How to join two feature groups with colliding column names which are not part of the joining key? I got a lot of ambiguous reference errors.
Is it possible to join an on demand feature group with a cached feature group?
How to join two feature groups with colliding column names which are not part of the joining key? I got a lot of ambiguous reference errors.
Hi @Tim,
Yes it’s possible. Once you get the metadata handles for the cached (FeatureStore - Hopsworks Documentation) and on-demand feature group (FeatureStore - Hopsworks Documentation), both metadata objects have the same functionalities.
They can be joined together using the join
method and you can select features from them using the same select
, select_all
and select_except
methods (FeatureGroup - Hopsworks Documentation).
Regarding the ambiguous reference errors
, that’s unfortunately still an issue on your version, and my suggestion is to exclude the feature from the select of one side of the join.
In the new version we are releasing we also added a prefix
option to the join
method to handle these issues of name collision.
–
Fabio
I can’t join on demand feature group with cached feature group.
import hsfs
connection = hsfs.connection()
fs = connection.get_feature_store()
payment = fs.get_on_demand_feature_group(name="paymenttype_snowflake", version=1)
account_fg_meta = fs.get_feature_group(name="account_fg",version=1)
query = payment.select_all().join(account_fg_meta.select(['account', 'id']), on='account')
s3_conn = fs.get_storage_connector("S3")
td = fs.create_training_dataset(name="abc_model",
description="Dataset to train the payment model",
data_format="csv",
storage_connector=s3_conn,
version=1)
td.save(query)
Here is the error I got:
py4j.protocol.Py4JJavaError: An error occurred while calling o148.select.
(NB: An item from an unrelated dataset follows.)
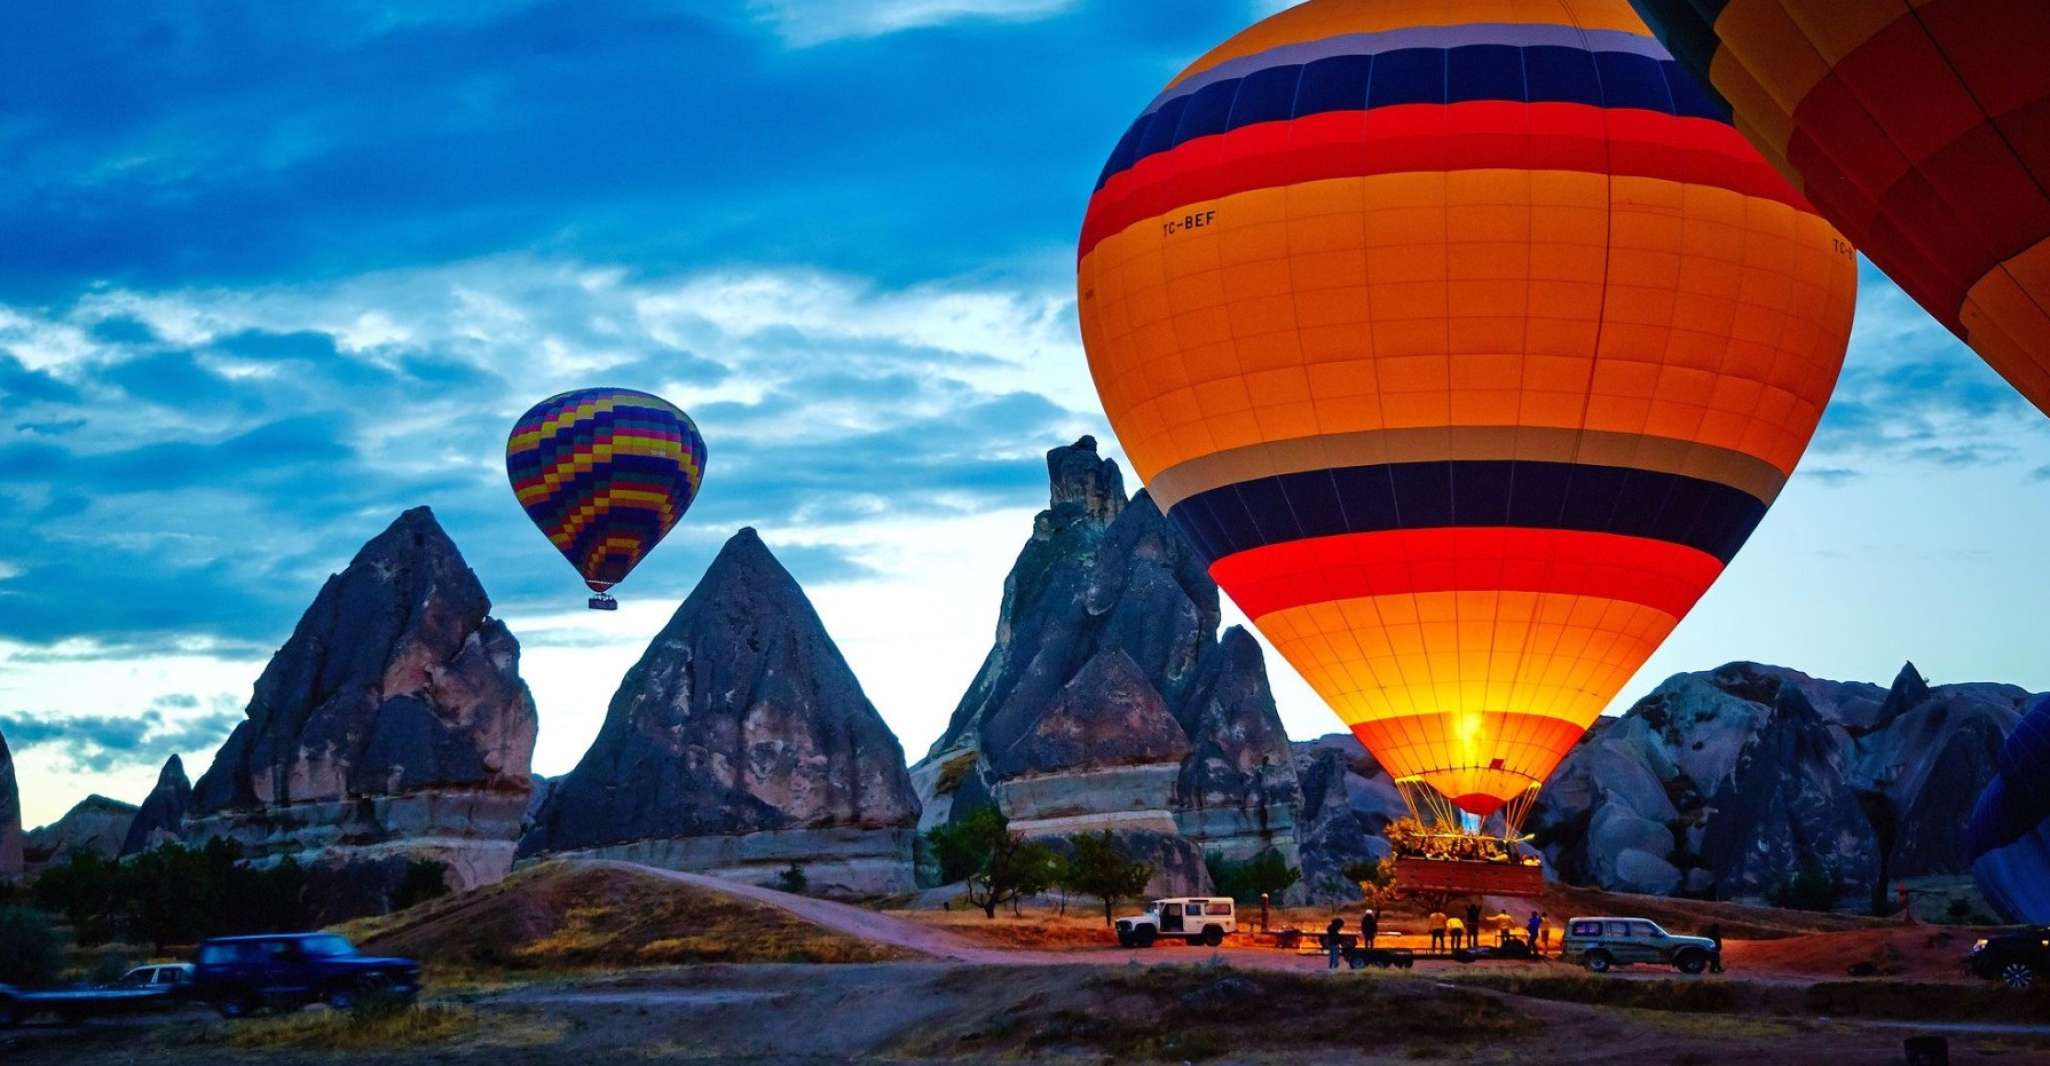 Cappadocia, Goreme Hot Air Balloon Flight Over Fairychimneys - Housity
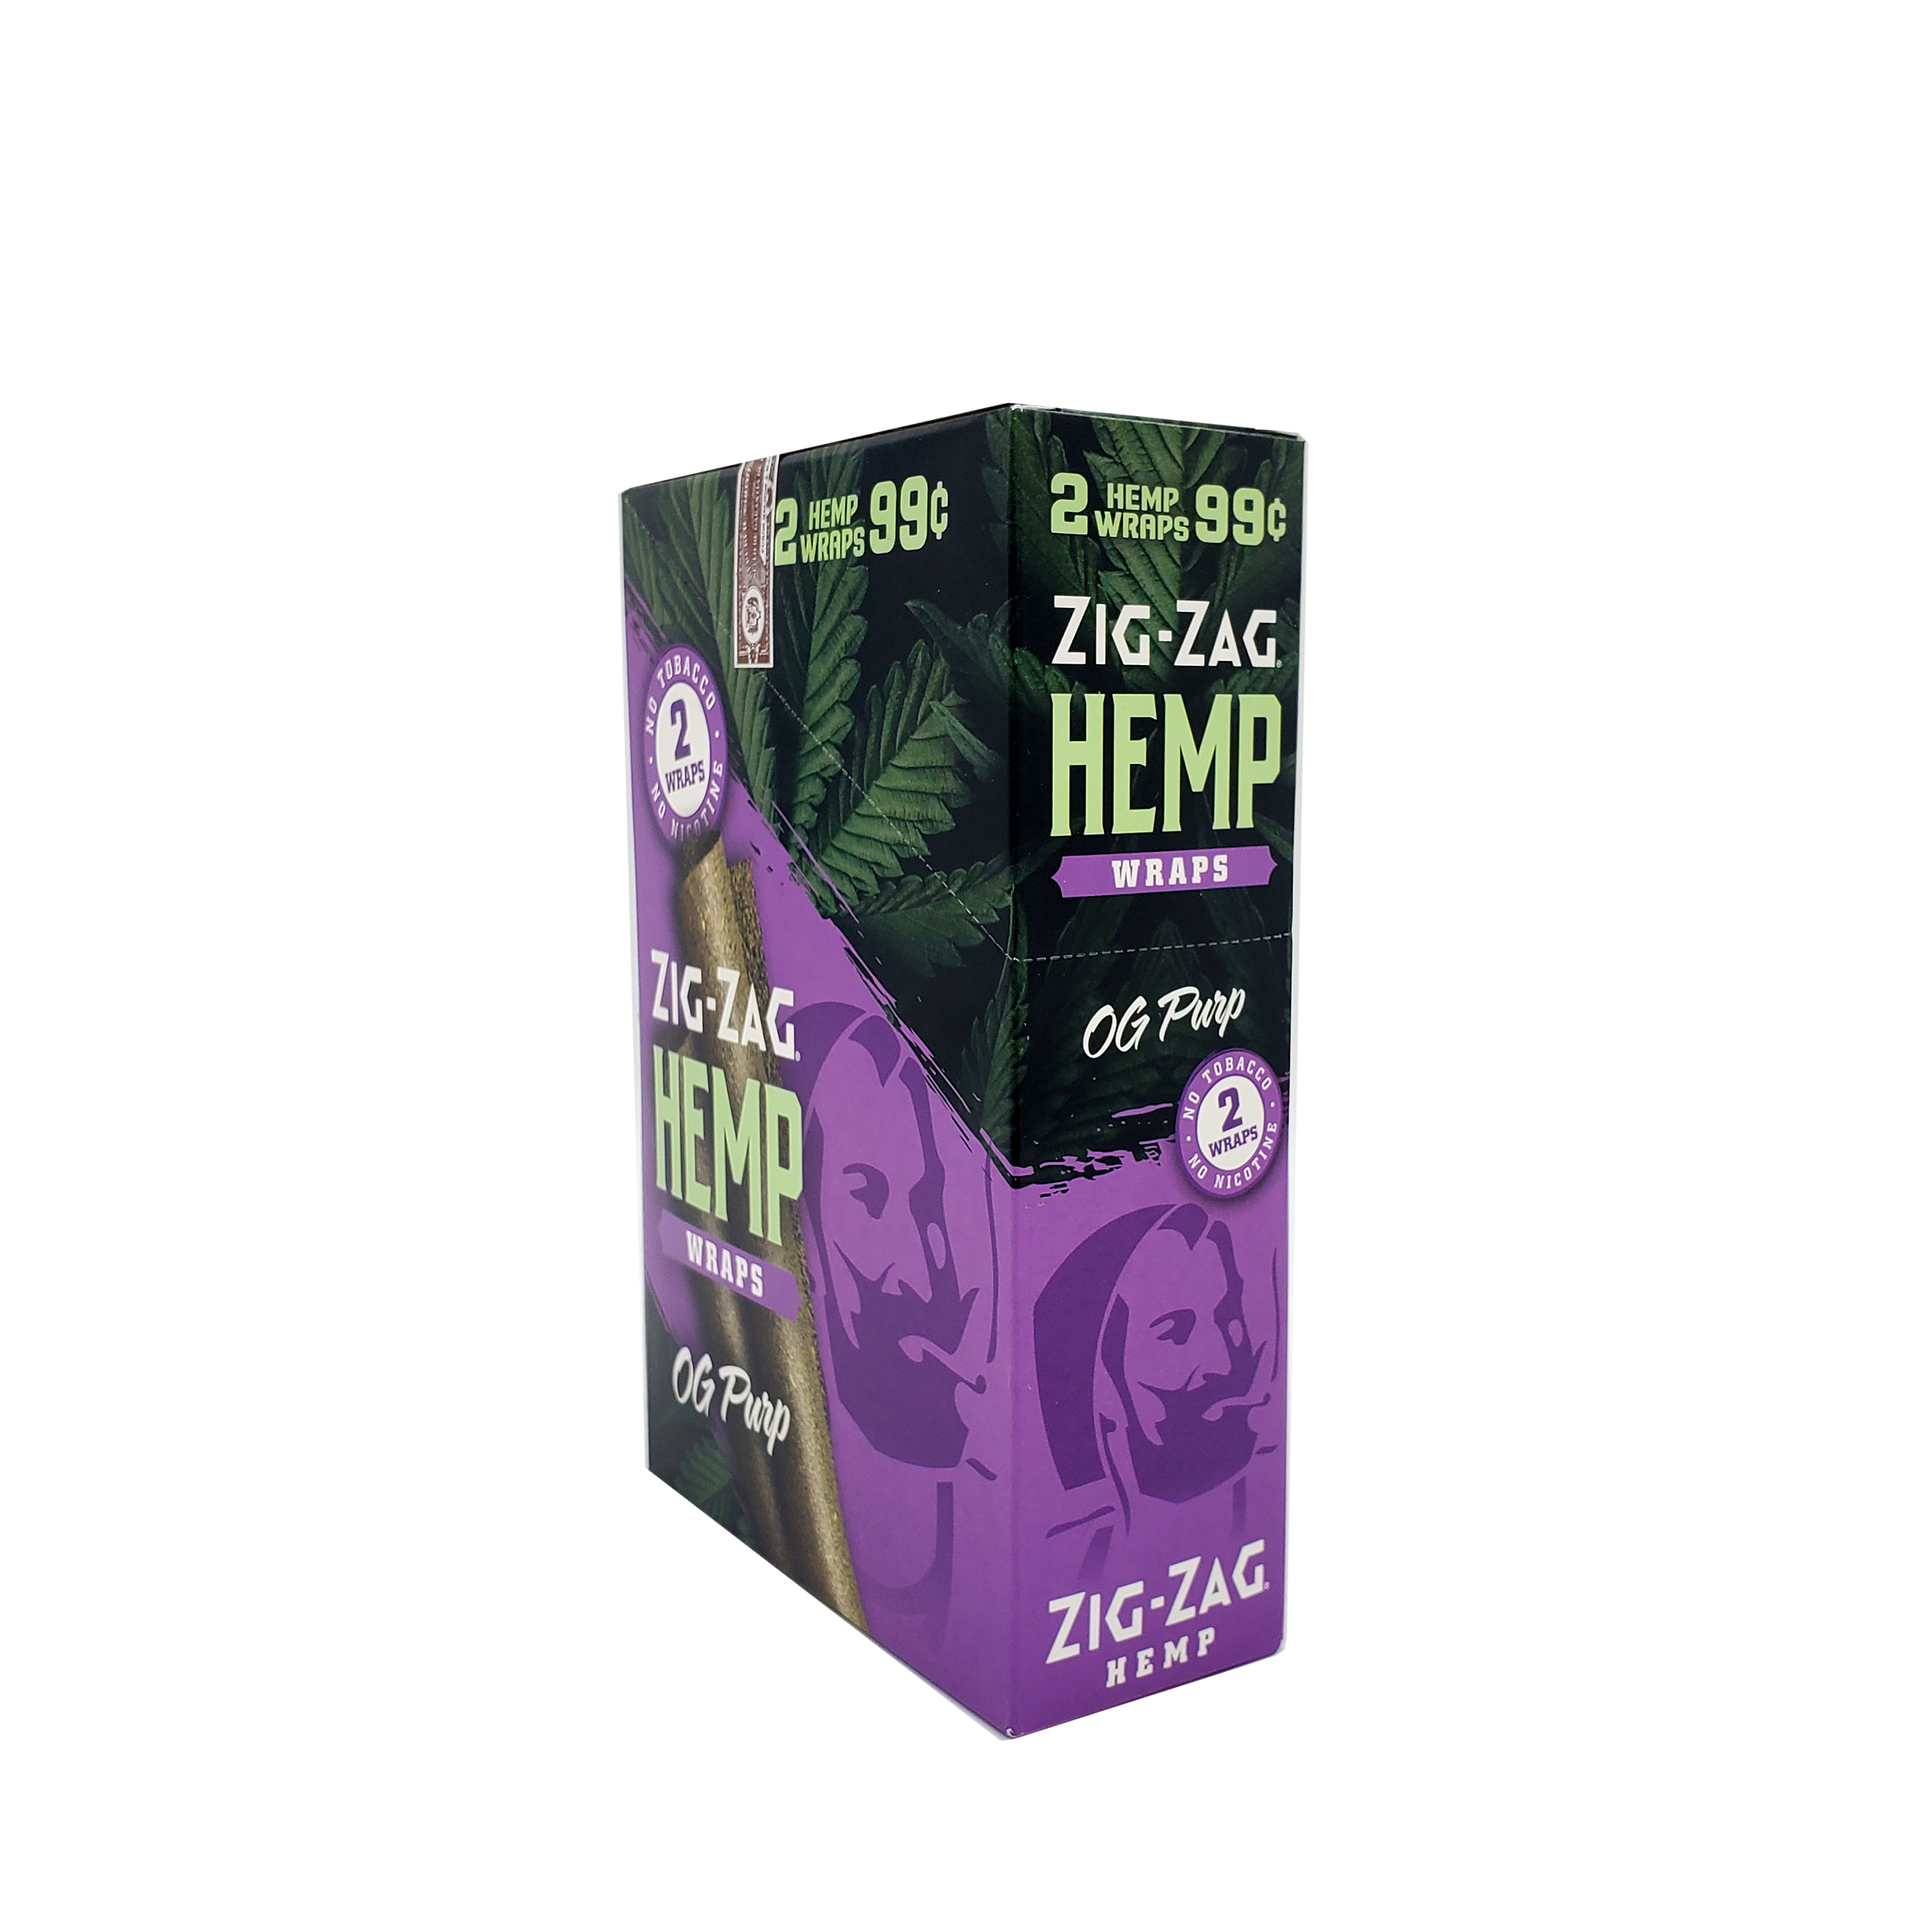 Karma Hemp Wraps Purple Chill 25 Pack

: org.apache.spark.sql.AnalysisException: Reference ‘account’ is ambiguous, could be: fg1.account, fg0.account.;
Based on the join you are performing, the value of account should be the same on both the payment
and account_fg
.
So this code is going to work:
import hsfs
connection = hsfs.connection()
fs = connection.get_feature_store()
payment = fs.get_on_demand_feature_group(name="paymenttype_snowflake", version=1)
account_fg_meta = fs.get_feature_group(name="account_fg",version=1)
query = payment.select_all().join(account_fg_meta.select(['id']), on='account')
s3_conn = fs.get_storage_connector("S3")
td = fs.create_training_dataset(name="abc_model",
description="Dataset to train the payment model",
data_format="csv",
storage_connector=s3_conn,
version=1)
td.save(query)
(I removed the account
feature from the account_fg_meta
select list.